In java, an ArrayList is a data structure implemented using an array that is resized each time it gets full. A HashSet is an implementation of a data structure that we will cover soon in this class (you will be implementing a HashMap in HW7).

Warning: Since the values are random and they are removed in a random order, there may be more variation in the running time than in earlier questions. Also, HashSet in particular may seem to have some irregularities in the way that its running time increases. We'll learn in lecture next week how HashSet works, which will provide some insight as to why this irregularity occurs.

## 4: Determining the running time of a sorting algorithm

Now look at `Sorts.java`. Both functions in `Sorts.java` sort a list by moving each element of the list (starting from the beginning of the list) backwards through the list until it is greater than or equal to the element to its right. (This sorting algorithm is called insertion sort. Later in this class we will learn a variety of other sorting algorithms.) The first function in `Sorts.java` sorts an ArrayList and the second one sorts a linked list. So both functions use the same algorithm, the only difference is the data structure.

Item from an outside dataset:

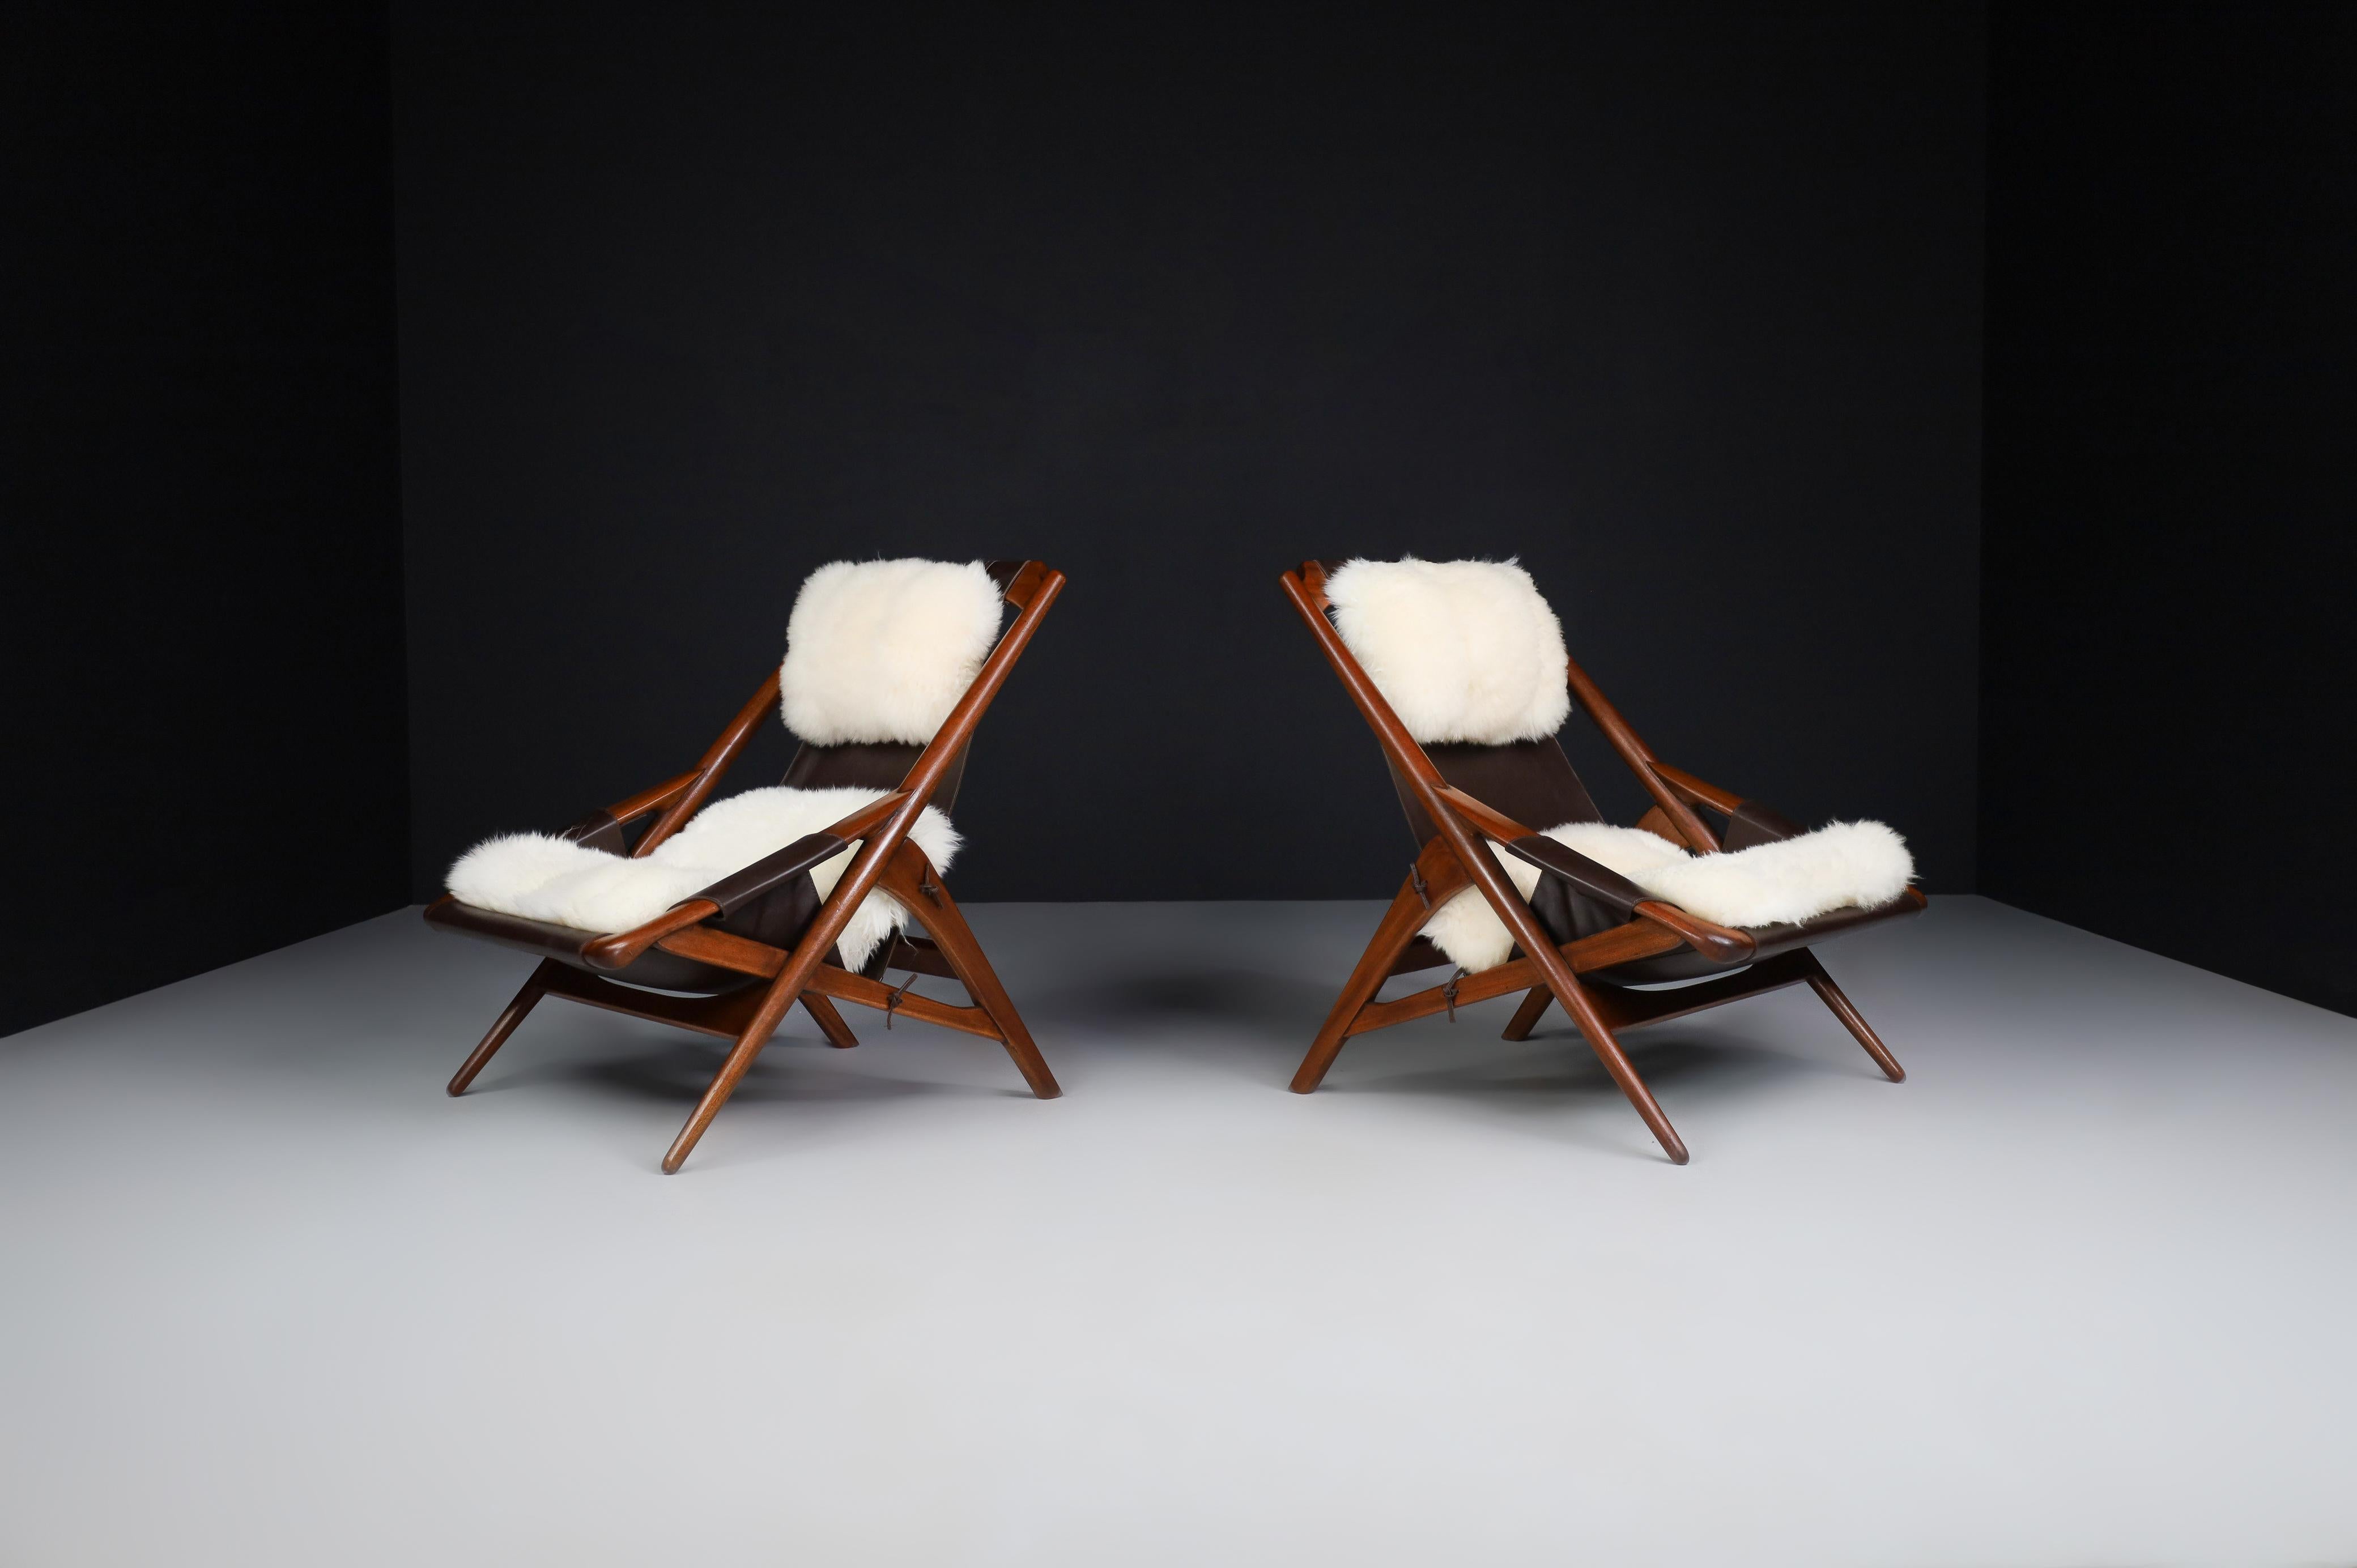 W.D. Chaises longues Andersag en teck et cuir, Italie 1959

Exceptionnelle paire de chaises longues dites

Experimentally determine the running times of the two sorting functions in `Sorts.java`. Once again, you can ignore constant factors. Put your results in `lab8.txt`.

You can run Sorts.java as follows:

• `java Sorts sort1 n`: runs the ArrayList-based function on an ArrayList of `n` random values
• `java Sorts sort2 n`: runs the linked list-based function on a LinkedList of `n` random values

If you find a significant difference in the running times of these functions, try to figure out why this difference exists.

Note: Since the list being sorted is generated randomly each time, there may be more variance in individual running times than in previous parts of this lab. Thus you may need to take more measurements to accurately determine the running time (though you are only required to make four measurements).

## 5: Extra practice

Consider the following piece of code:

``````for (long i = 0; i < n; i++) {
long j = i*i;
while (j <= n) {
j += 1;
}
}``````

Try to figure out the asymptotic running time of this piece of code (in terms of n) using O() notation. Add your initial guess to the file `lab8.txt`. Then experimentally test your answer using `Stopwatch.java` (you can use `Asymptotics.java` as a reference) and add your measurements to `lab8.txt` (make at least four measurements). Finally, using the results of your experiments, determine the asymptotic running time of the code and add it to `lab8.txt`. If this answer does not match your initial guess, try to figure out why.